Social media information is also gathered during undercover operations related to criminal investigations, during which agents are permitted to “friend” individuals on social media sites and collect any information they come across as a result. 9 In addition, HSI agents gain access to social media information through other investigatory activities — namely vetting and overstay enforcement initiatives and extractions of data from electronic devices obtained during border searches and investigations — which are discussed in the next sections.

The Investigative Case Management (ICM) system is the primary database that stores information collected by ICE during criminal and civil investigations. 10 ICE agents can use ICM to automatically query a plethora of internal and external systems, as well as to manually search various pools of data and copy and upload the results; the information ICE can query includes results from CBP’s Automated Targeting System (ATS), which contains social media information from a number of sources. 11 ICM data is disseminated within DHS and shared broadly with outside agencies. 12 In addition to wide authority to share information through formal channels with state, local, and federal law enforcement agencies, ICE agents are known to share information informally with individual state or local law enforcement officers. 13 In addition, ICM records that pertain to individuals, or “subject records,” are shared via the Law Enforcement Information Sharing (LEIS) Service, a web-based data exchange platform that allows partner law enforcement agencies to access DHS systems, including but not limited to ICM and TECS, CBP’s primary law enforcement system. 14

ICM was developed by the private data mining company Palantir. 15 According to contract notices, Palantir currently has a contract for work relating to ICM that has so far totaled $51.6 million. 16 Though Palantir’s 2014 proposal for ICM described the system as intended for use by ICE’s investigative branch, HSI, in 2016 DHS disclosed that it is also used by ICE’s deportation branch, ERO, to obtain information “to support its civil immigration enforcement cases.” 17

ICE has also invested in other software systems to enable it to analyze information from social media.
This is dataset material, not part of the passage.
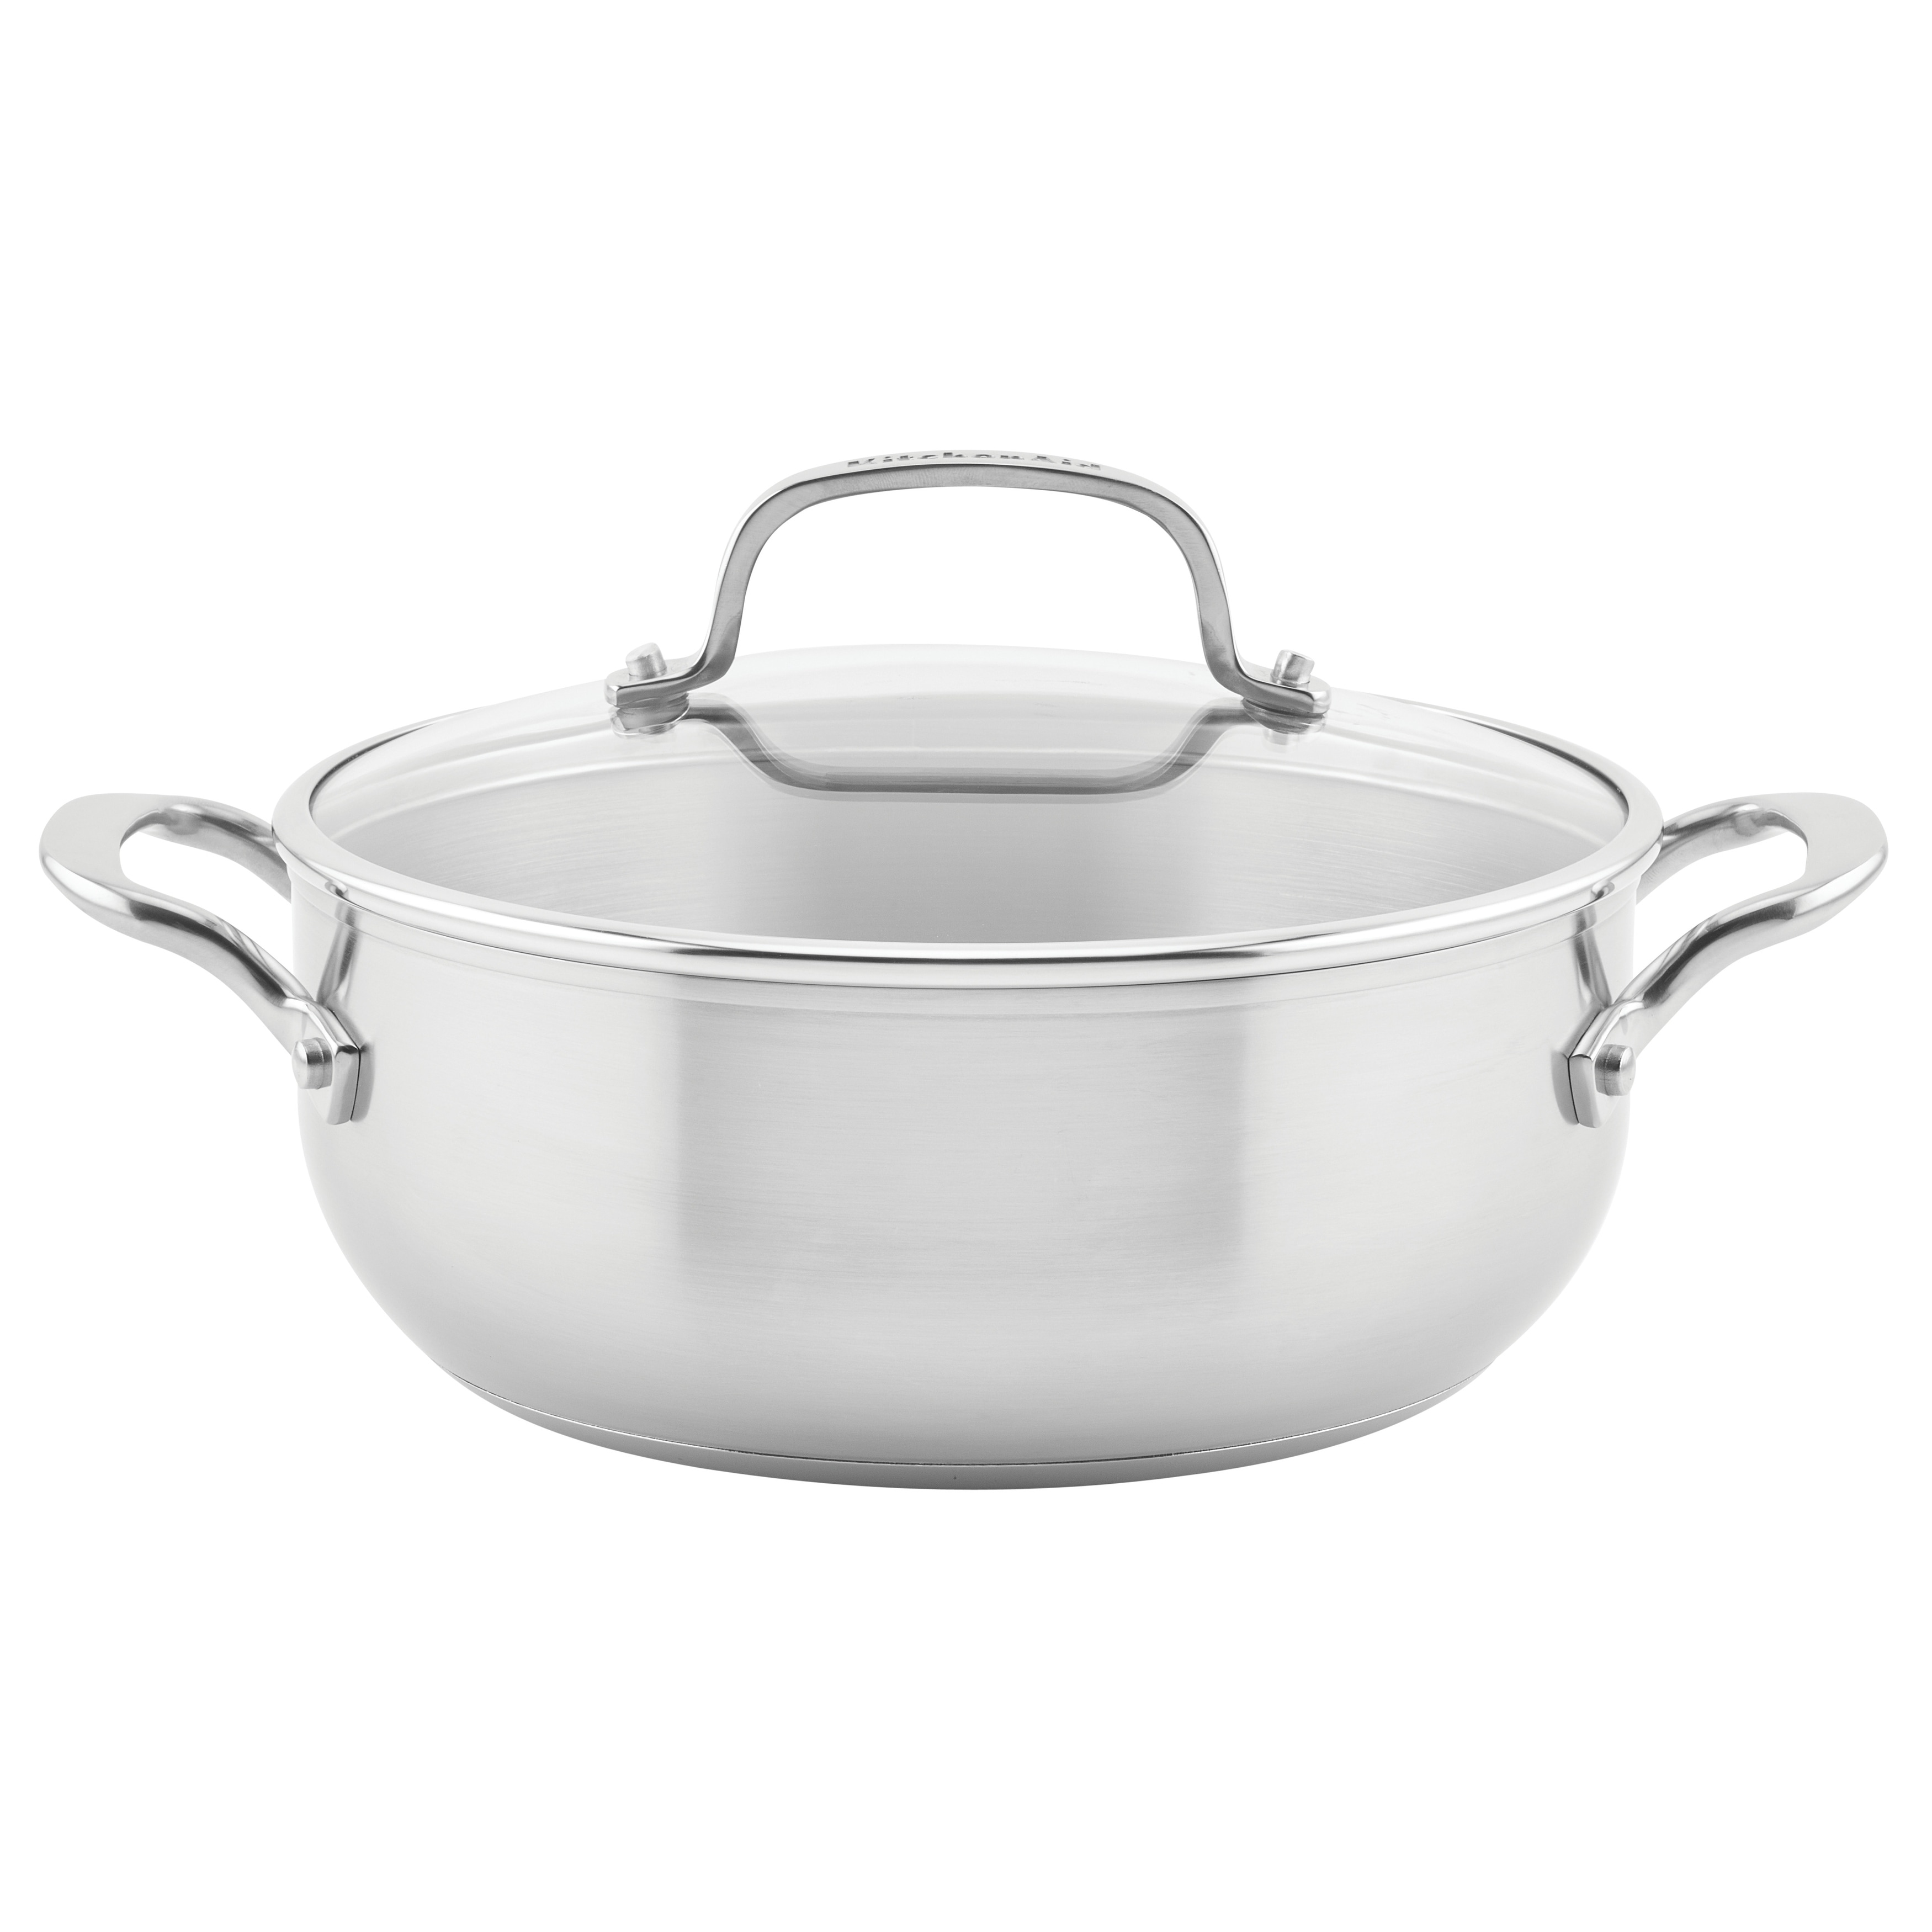 https://ak1.ostkcdn.com/images/products/is/images/direct/eb802f0ce72a2037fd630470ed04b80e87226069/KitchenAid-3-Ply-Base-4-Quart-Casserole-Brushed-Stainless-Steel.jpg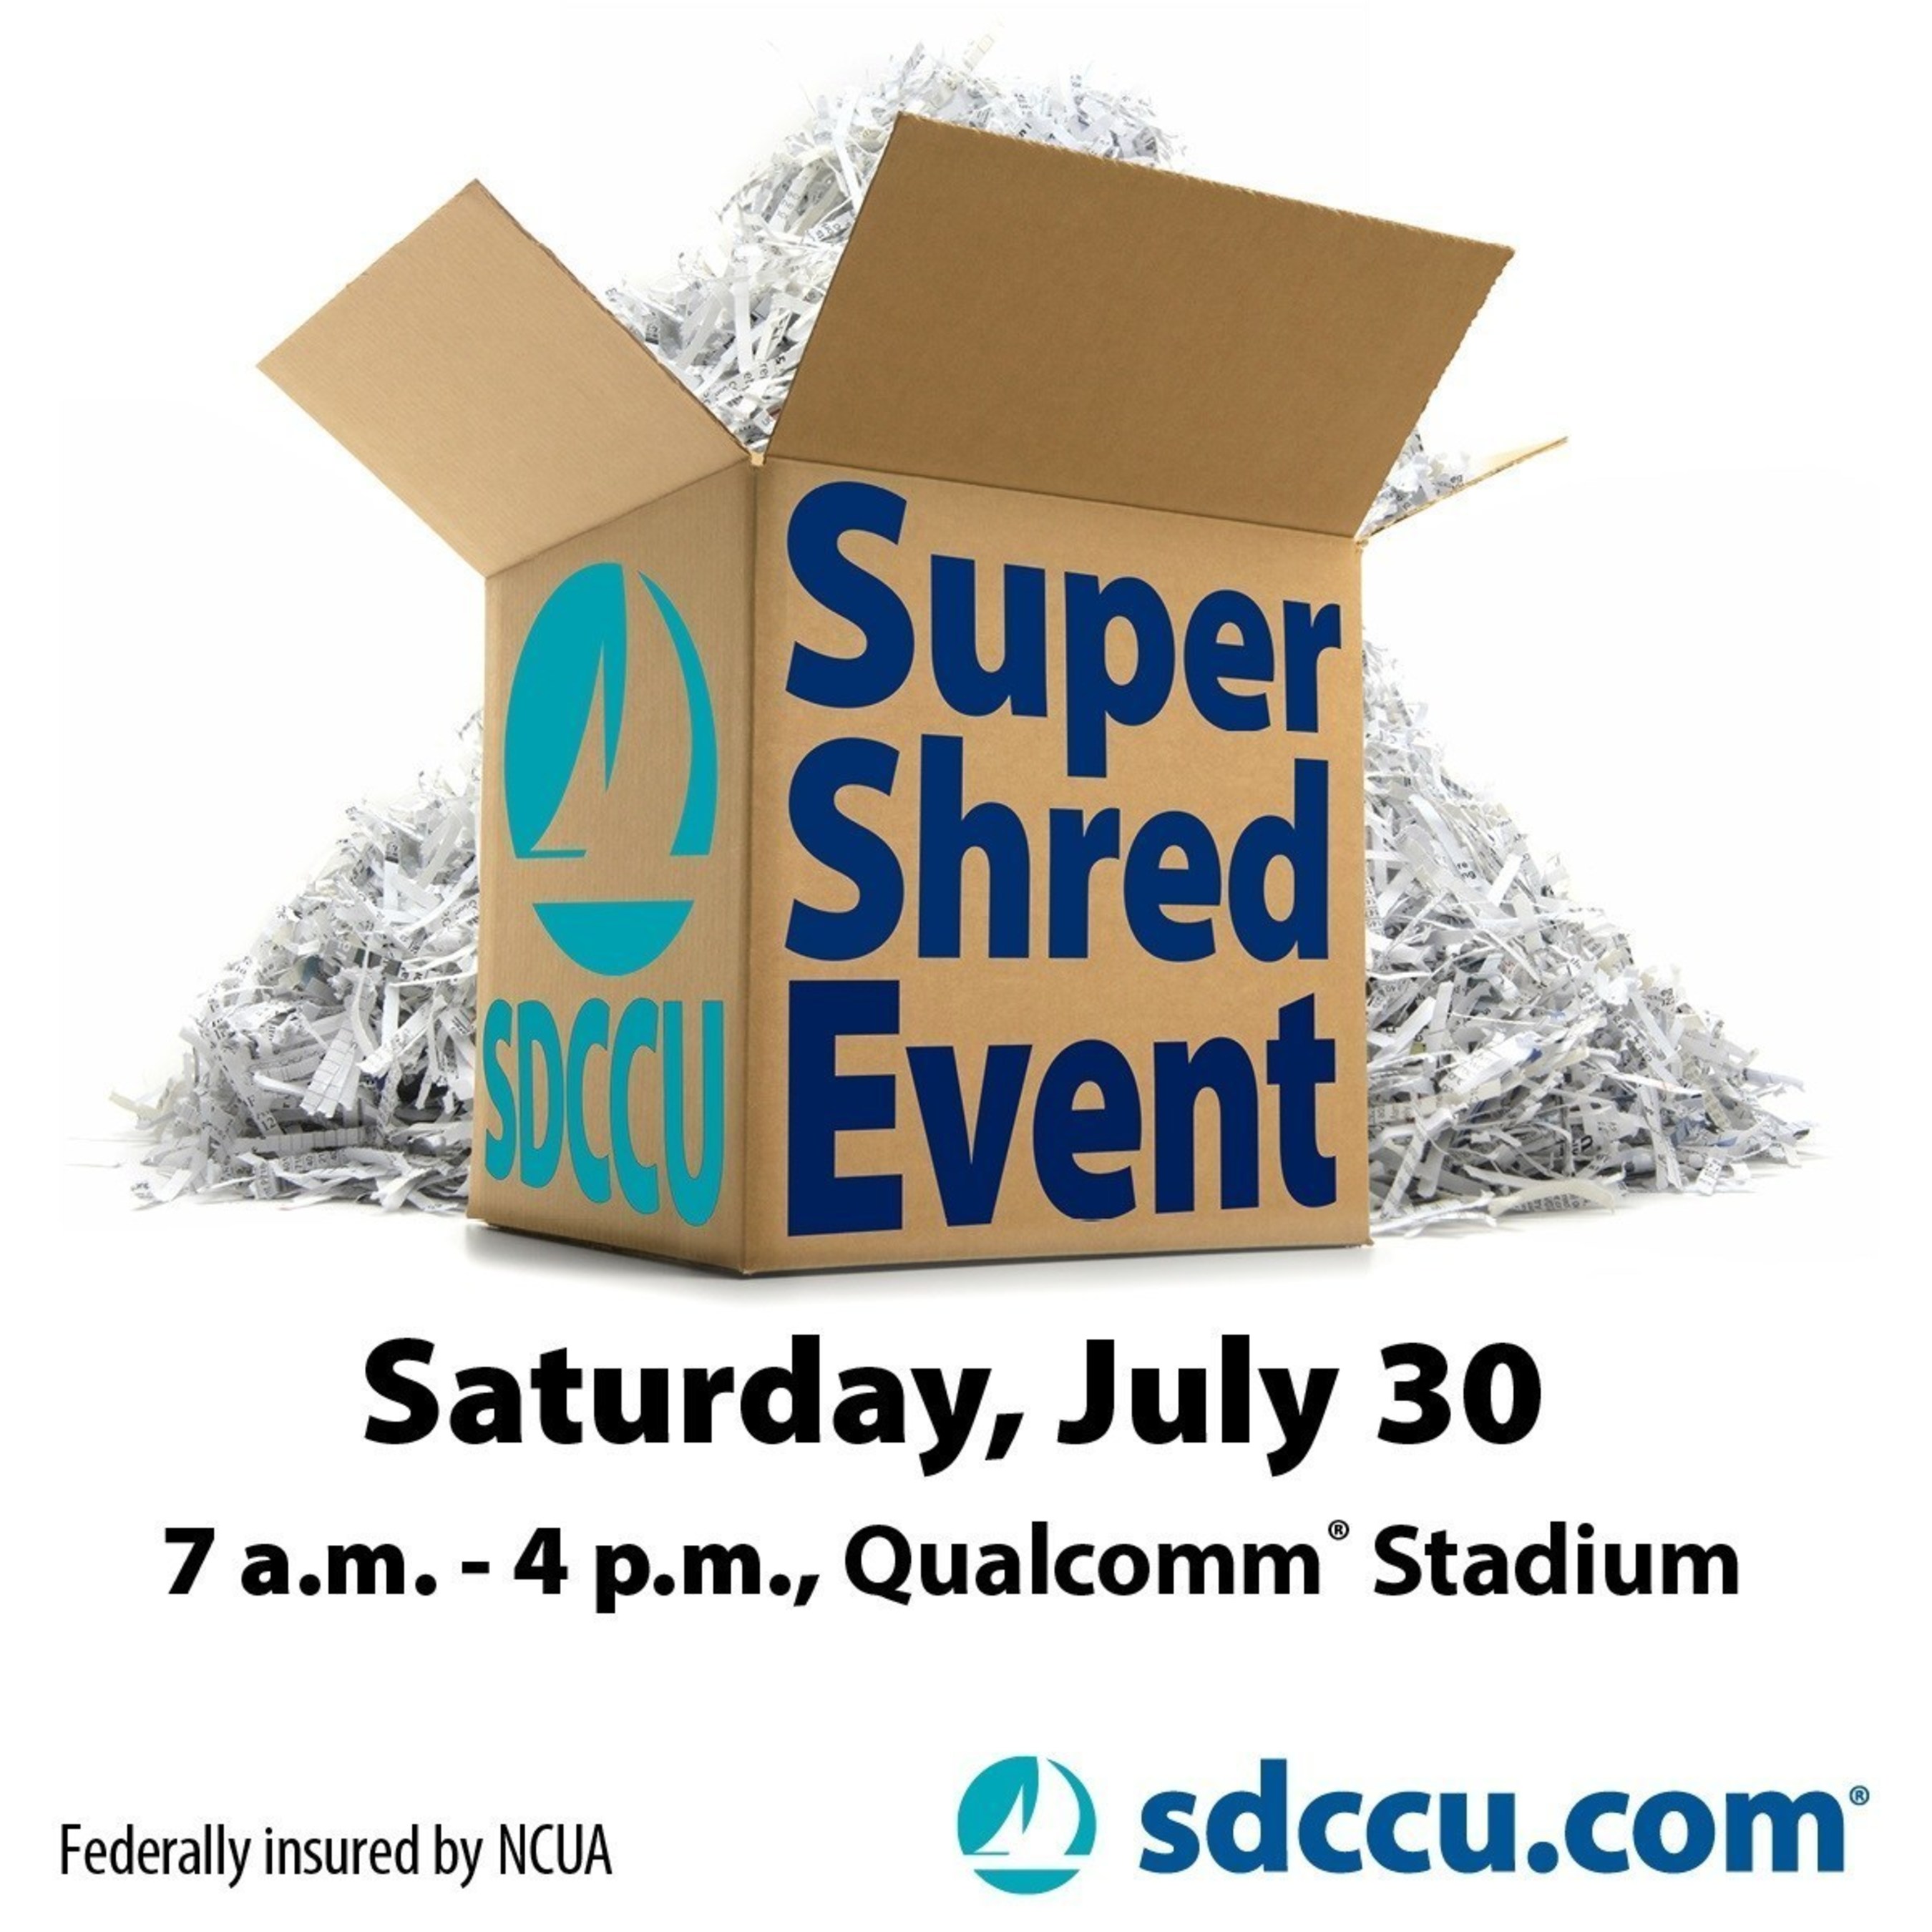 The SDCCU Super Shred Event is Saturday, July 30 from 7 a.m. to 4 p.m. at Qualcomm(R) Stadium. It's going to be the biggest in history - SDCCU is planning to shred the Guinness World Record(R) for most paper collected in 24 hours at a single location. The public is invited to bring all of their old documents containing personal and confidential information to be shred at no charge.

For example, in June 2018, it was reported that ICE had signed a $2.4 million contract with Pen-Link, 18 a company offering software to law enforcement that can collect and analyze “massive amounts of social media and internet communications data.” 19 One of the services included in the Pen-Link contract with ICE is Pen-Link X-Net, 20 which collects and analyzes large quantities of internet-based communications data, from an “extensive, ever-growing list of providers,” including social media platforms. 21 Such sweeping collection and analysis is likely to scoop up swaths of irrelevant and unreliable information and risks misinterpreting innocuous connections and patterns as illicit activity.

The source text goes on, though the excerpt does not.